Current SIMD Instructions ignore 0xfd (SIMD Prefix) and another SIMD prefix unspecified

rrwinterton commented 4 years ago

The current SIMD byte code generation doesn't use the SIMD prefix. What is potentially something that could be done now to help future compatibility is to have the engine ignore the prefix for SIMD in current versions. I don't know if this is a big change the the engine? If not when the tools are ready to generate extended SIMD instructions the 0xfd extension could be used for the new set of SIMD. (AVX2/AVXVL, ARM-SVE). These would not have to be variable length per ARM spec but 0xFD could be implemented as a AVXVL instruction for both the 128 and 256 instruction lengths or ARM SVE 256 instructions. That way a single bytecode could be generated that will work now and in the future when the tools are supporting the 256 length and more hardware is out in the work to support it and there is a demand for it. The new code generated with the prefix would run on the older engines and older hardware because it uses the opcode without the prefix. We wouldn't have to have two binaries in the future.

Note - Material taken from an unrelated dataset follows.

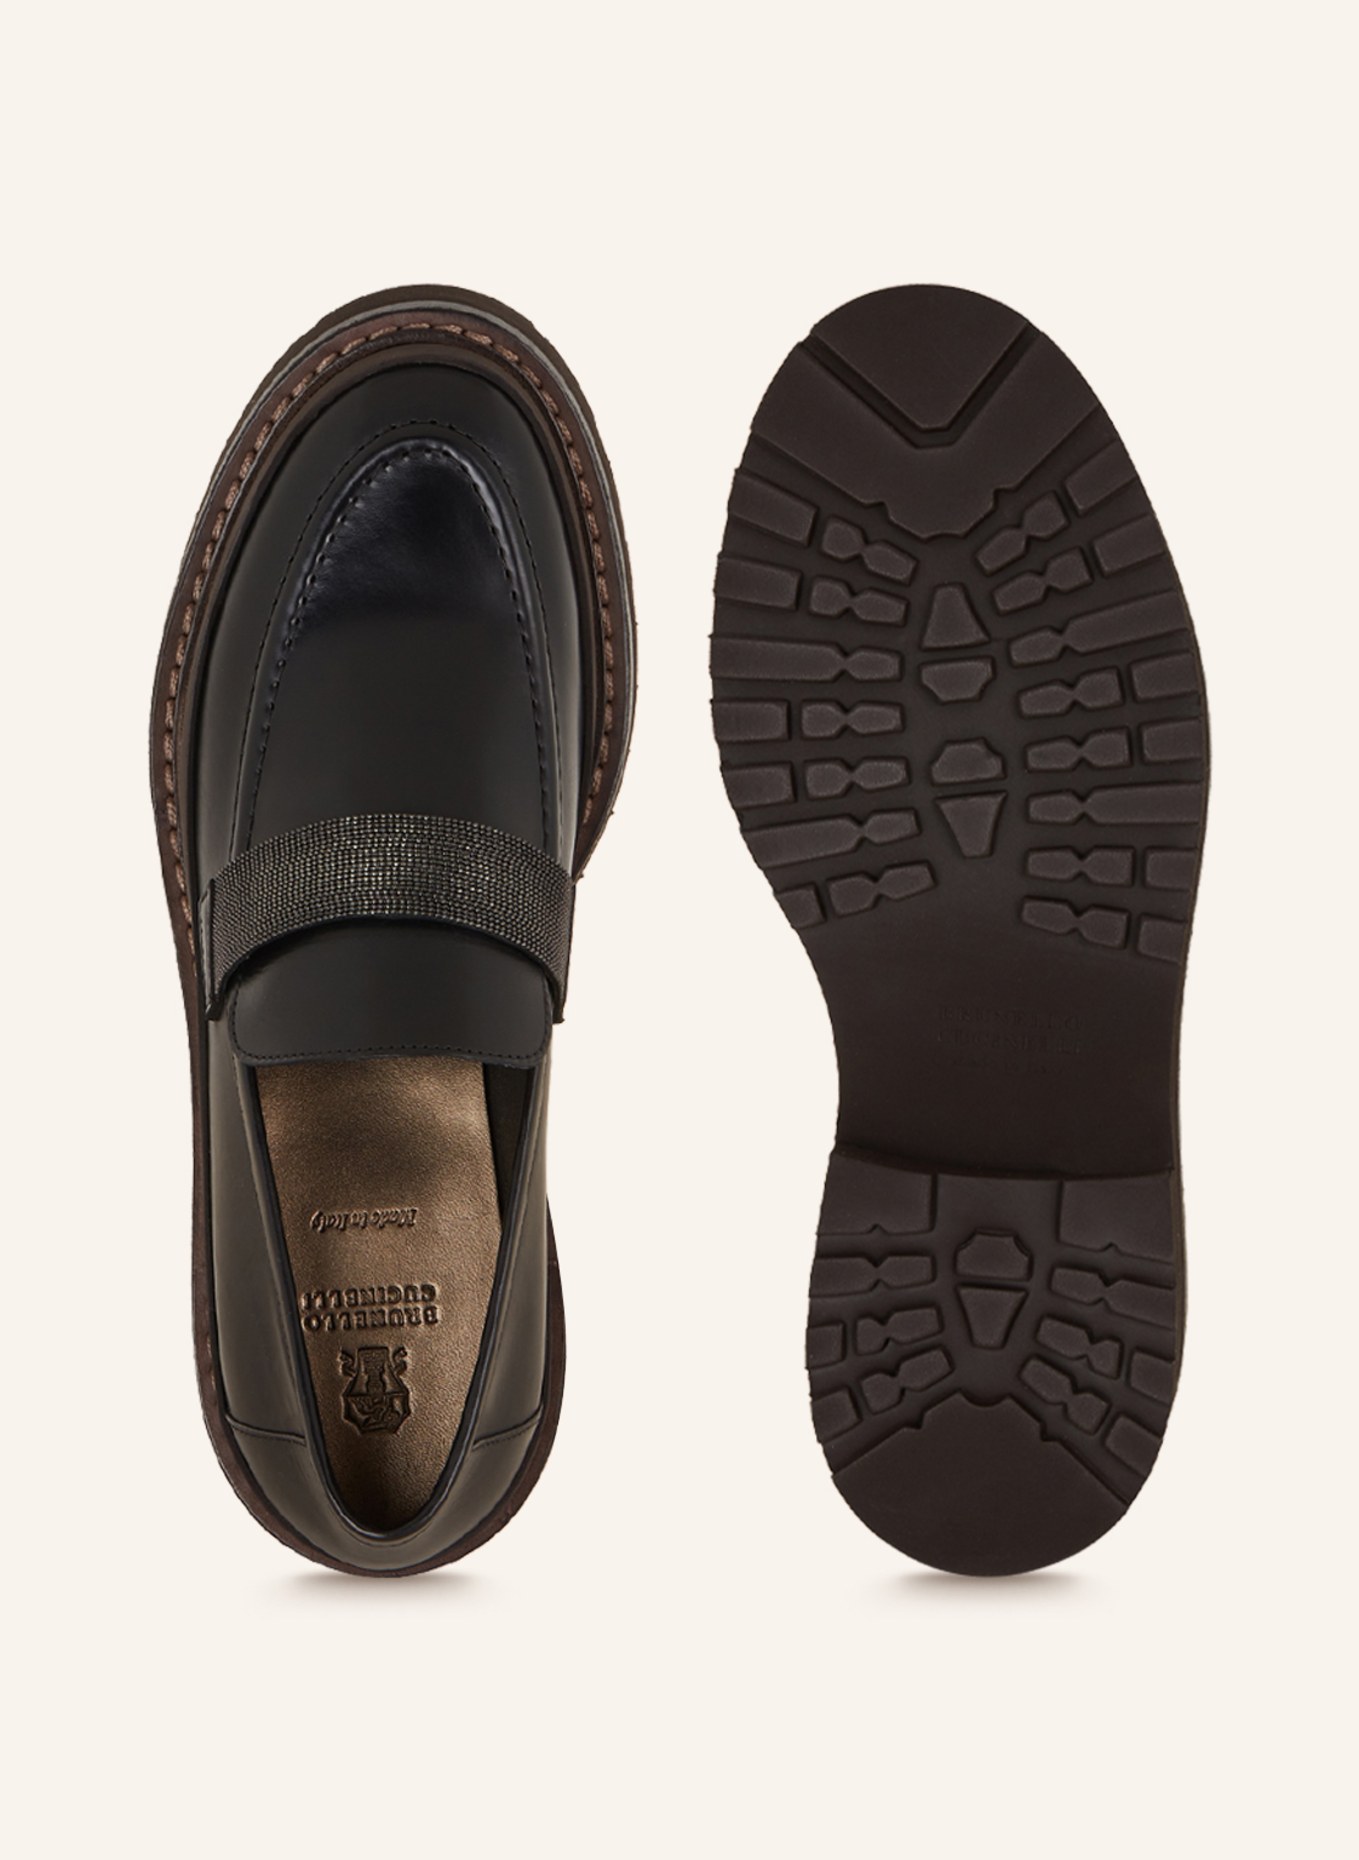 BRUNELLO CUCINELLI Penny loafers with decorative gems, Color: BLACK (Image 5)
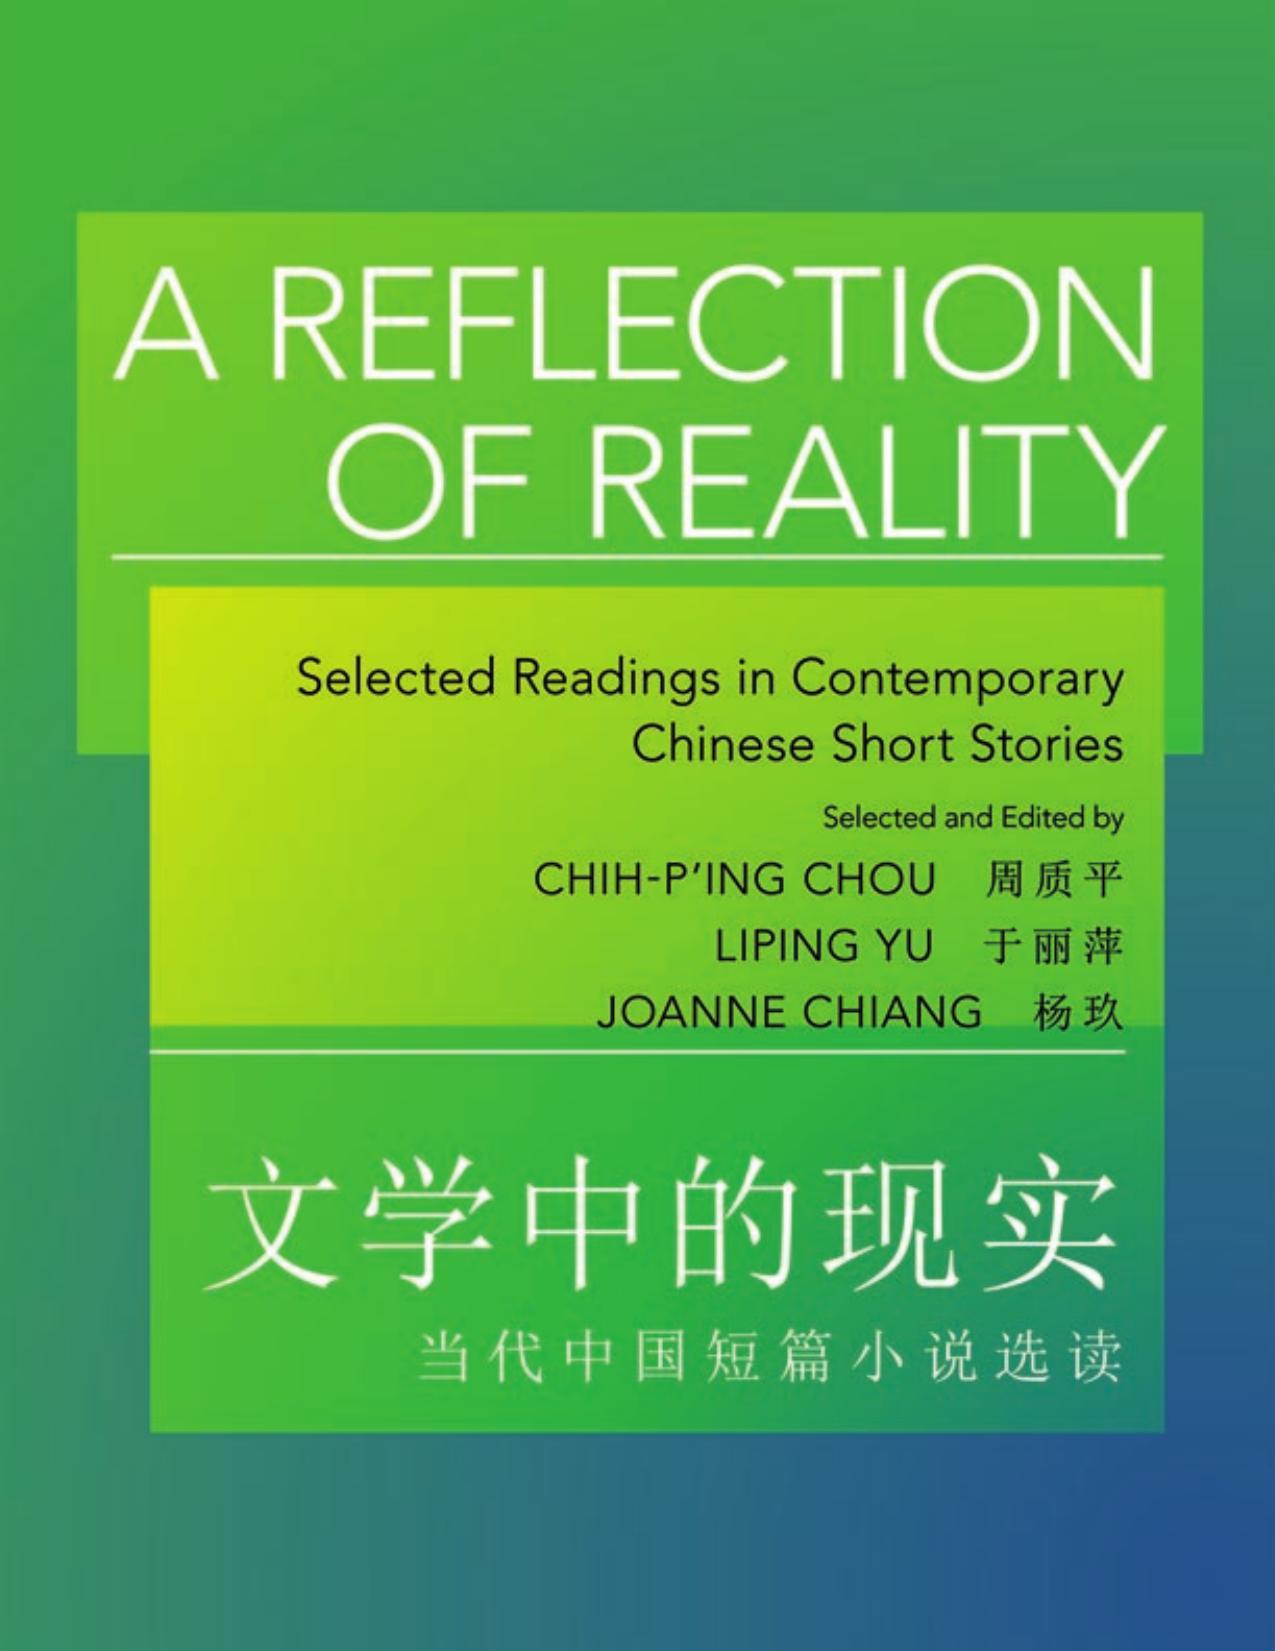 Reflection of Reality Selected Readings in Contemporary Chinese Short Stories by Chih-p ing Chou, Liping Yu , Joanne Chiang

lars-t-hansen commented 4 years ago

@rrwinterton, can you provide more context here? The SIMD spec clearly requires the 0xFD prefix for all the current SIMD instructions. Is this a proposal or are you reporting an error in a particular implementation?

tlively commented 4 years ago

This is a proposal to specify multiple possible prefixes for the SIMD operations so that in the future one of the prefixes could be reinterpreted to mean a larger vector length should be used. The idea is that if all current SIMD code is written to be generic over the vector length, then current SIMD code could automatically start using the larger vector lengths without changes. Since we can't guarantee that all code is generic over the vector length, though, that would be a breaking change. Additionally, we would have to do major work in the toolchain and on the spec side to allow code to be generic over the vector length at all. I think this idea is interesting, but it falls well outside the accepted goals of this proposal, couldn't achieve backwards compatibility, and would unacceptably delay shipping the current SIMD proposal.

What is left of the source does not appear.